As the dusk sets in and the clouds slowly begin to turn from hues of pink to purple, Jonathan Lawley sits in the hotel lobby overlooking the sea. There’s a constant hum of the waves crashing and the gentle summer breeze wafts in the air. Flipping through the writings of his grandmother Elizabeth and his aunt Mary, this 81 year old man talks with childlike excitement about his relationship with India and the Andaman islands.


Jonathan was born in the north western frontier province, where his father worked in the Indian Engineering Service. Most of his early years were spent in Kashmir valley, in a boarding school where young boys were taught boxing and mountain climbing, apart from regular education. “I’m skeptical on going back to Kashmir today. I’m afraid that my memories from the valley will be spoilt” he says. After India gained independence, 8 year old Jonathan moved to Africa, where he spent most of his work life in different roles like supervising the elections Zambezi valley, training indigenous people at Rio Tinto mining company and acting as the District Commissioner in Zambia. His Ph.D. thesis, ‘Transcending Cultures: Developing Africa’s Managers’ reflects the work he did in the continent. After retiring in 1996, Jonathan Lawley was appointed as the first director of the Royal African Society. He now runs the South African Business Forum, where he combines his unique experience of British colonial service and business in modern Africa.


The Island Connection

When Jonathan wrote his memoir ‘Beyond the Malachite Hills: A life of colonial service and business in new Africa’ little did he expect it would turn out to be a huge success. “The book got good reviews from the critics and became successful” he recalls. “I would also like write a book on the wild places in Africa someday” he says enthusiastically.

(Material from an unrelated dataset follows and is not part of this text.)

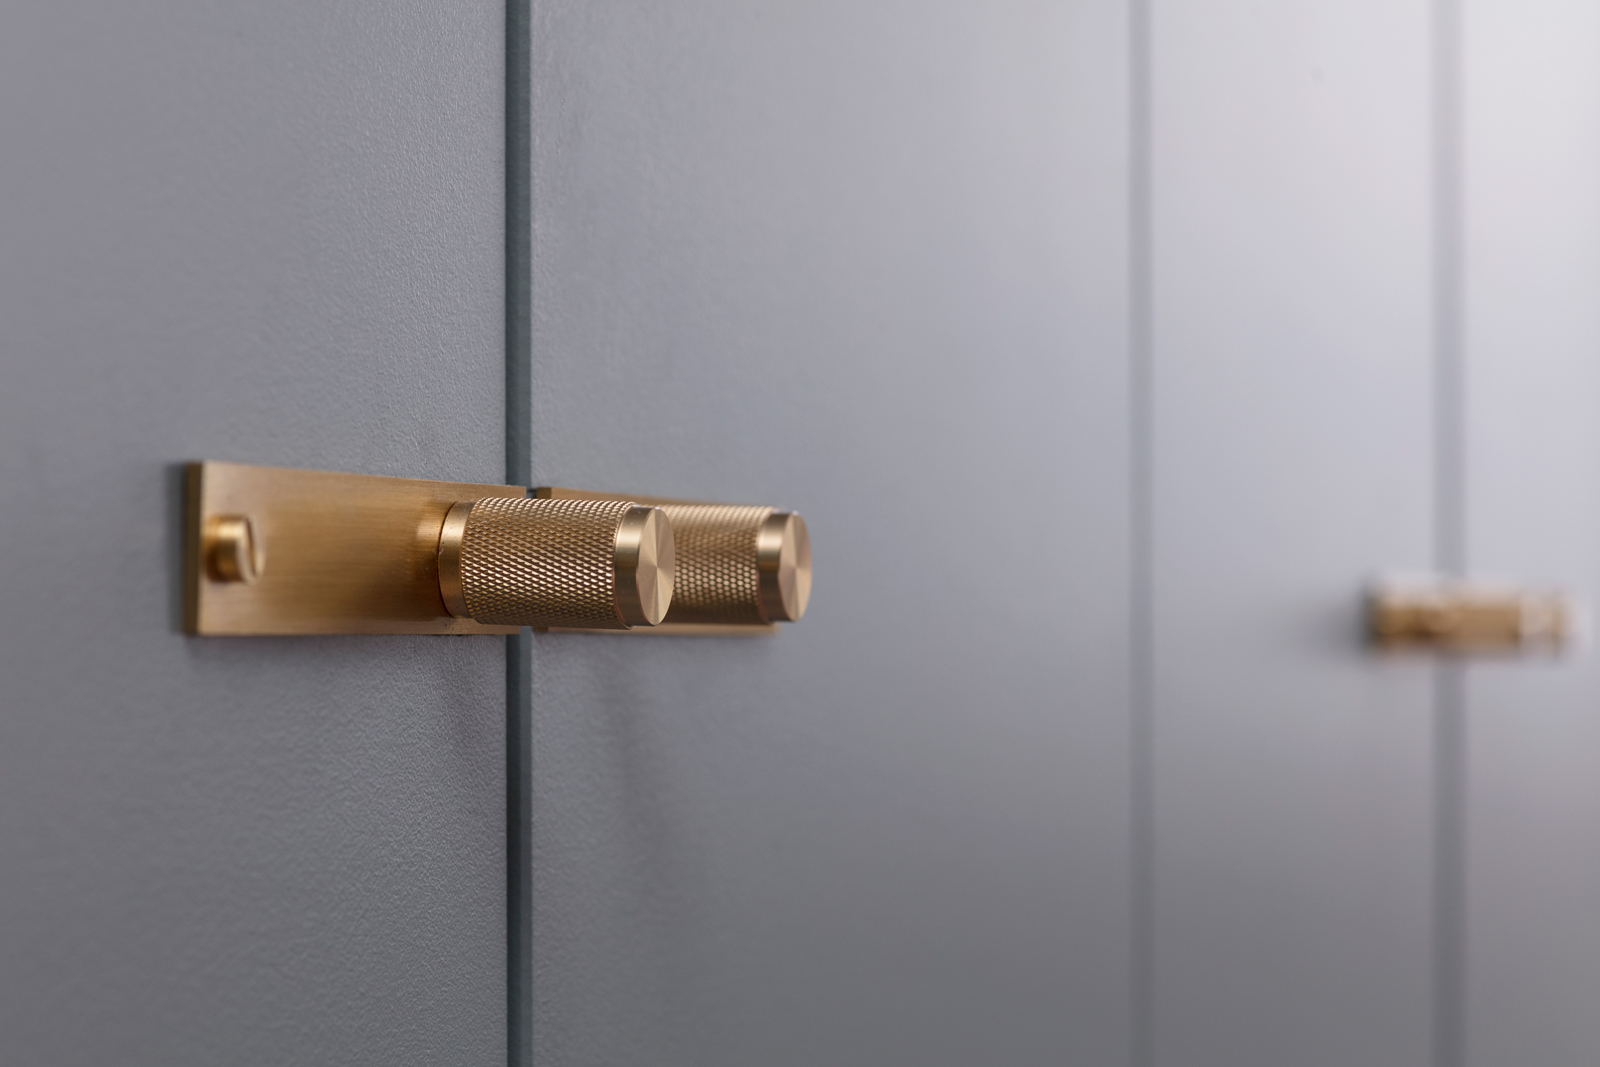 Buster + Punch brass handles on a blue fitted wardrobe

The old Indian connection came calling to Jonathan when he decided to write about his family involvement in colonial India. While doing so, he stumbled upon writings of his grandmother and aunt, who lived in the Andaman and Nicobar islands for more than 24 years. “My mother preserved all these writings of my grandmother and aunt. They are more than a century old. In fact, few writings of my grandmother Elizabeth goes way back to the finals decades of 19th century, when she was assisting her uncle in keeping the house. Most of the stories include descriptions of social life in the islands, sailing, and fishing and of the prisoners in Ross Island.”

“My Grandfather R.F. Lowis carried out a census of the islands in 1911, which was later published in the book ‘Census of India, 1911, Volume 2: The Andaman and Nicobar islands’. It included traces of history of the island and the population of the tribes in the islands. He had a good relationship with the tribes.  From what I gather, it was difficult to estimate the population of the Jarawas, since they were hostile. But the population of the Great Andamanse was already plummeting.”

After coming across the problems of tribes in the islands, wherein Human Safari in the Jarawa Tribal Reserve goes on in spite of the Supreme Court of India’s ruling, Jonathan started reading more on the issue on the internet and his interest moved from the family memoir to the situation of the tribes. He, along with his daughter Julliet decided to visit islands from London. “I cannot write a book on the island without visiting it. I really like the Andaman and Nicobar islands. The people and cultures here is so diverse” he says. “In my opinion, the tribes should be left alone to live the same life they’ve been living for the last 60,000 years. They know that contact with the outside world means extinction. I hope the expansion of tourism does not affect the survival of the tribes. I hope I can explore the islands and know more about the issue so I can include it in my book.” he concludes.